Bellow, you can have a look at how we calculate the loss function:

def loss(w_c, u):
  return -np.sum([u[word.index(1)] for word in w_c]) + len(w_c) * np.log(np.sum(np.exp(u)))

We are taking u[word.index(1)] because our vector word is a one-hot encoded vector, that is, we're taking the index of that OHE vector where its value is equal to 1 (that gives us the $j_c^*$-th index).

Before we jump to backpropagation, we need to calculate the error the model makes. But why, and how do we do that?

We calculate the error because the error propagates back through the model and that's ultimately how the model learns. When it comes to "how", we derive the loss function with respect to every word in the context.

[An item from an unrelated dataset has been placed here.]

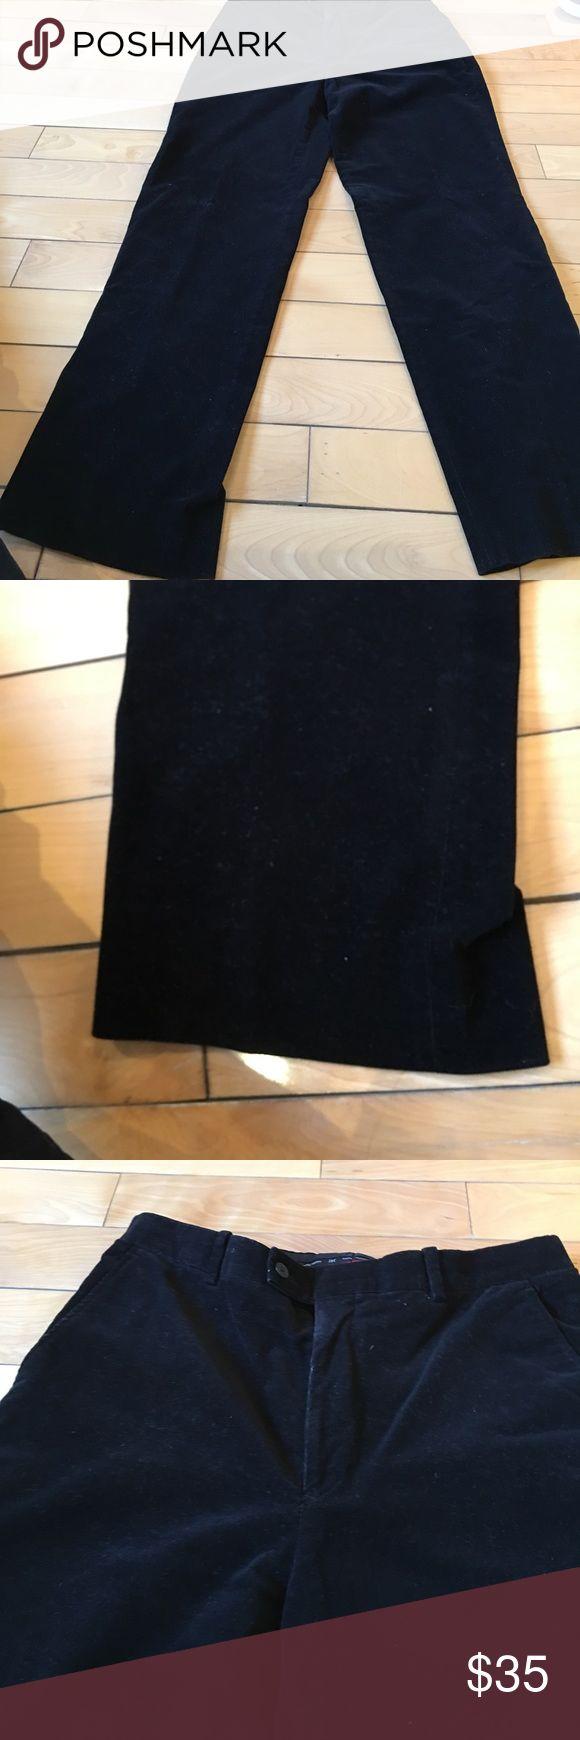 I.n.c men's corduroy pants 32/32 Like new men's light black corduroy pants by I.n.c.  2 side and 2 back pockets. 32 waist and 32 length i.n.c Pants Corduroy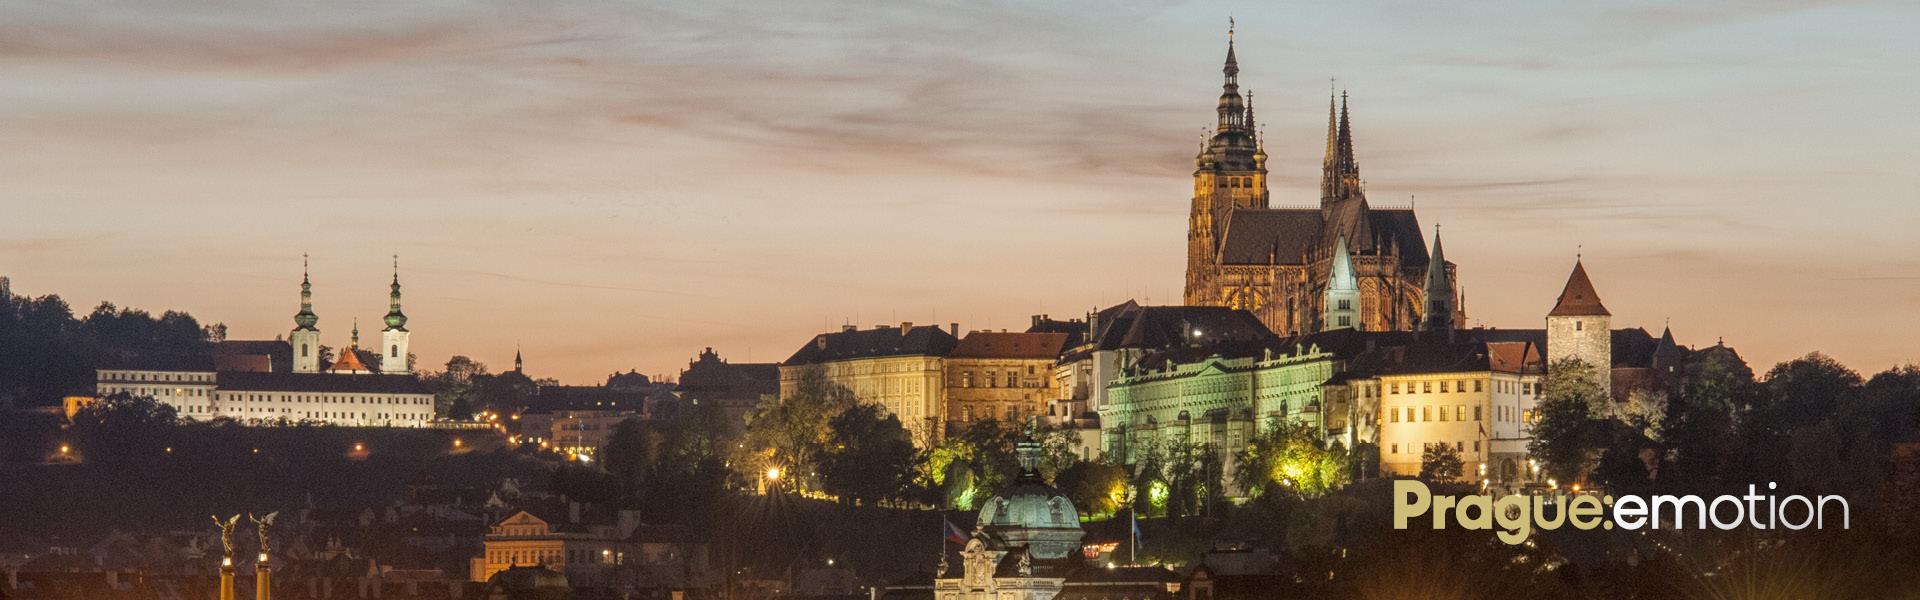 Frauen in Prag abholen

Note: We aren’t deriving $L = -logP(w_1,..., w_C|w_t)$ but rather loss for one specific word $L = -logP(w_c|w_t)$ like follows:
$$ \frac{\partial L}{\partial u_{c,j}} = \frac{\partial}{\partial u_{c,j}} (- u_{j_c}) + \frac{\partial}{\partial u_{c,j}} log\sum_{j'=1}^V exp(u_{j'}) = \\ -t_{c,j} + \frac{1}{\sum_{j'=1}^V exp(u_{j'})} \frac{\partial}{\partial u_{c,j}} (\sum_{j'=1}^V exp(u_{j'})) = \\ - t_{c,j} + \frac{1}{\sum_{j'=1}^V exp(u_{j'})}(0 + ...+ \frac{\partial}{\partial u_{c,j}} exp(u_{c, j}) + ... + 0) = \\ \frac{exp(u_{c,j})}{\sum_{j'=1}^V exp(u_{j'})} - t_{c,j} = y_{c,j} - t_{c,j}$$

$t_{c,j}$ is OHE vector that represents some word $c$ which has value 1 at $j$-th index; $y_{c,j}$ is $j$-th value of a softmax output of the model for a word $c$. You can look at this as the difference between the model's output and the expected output.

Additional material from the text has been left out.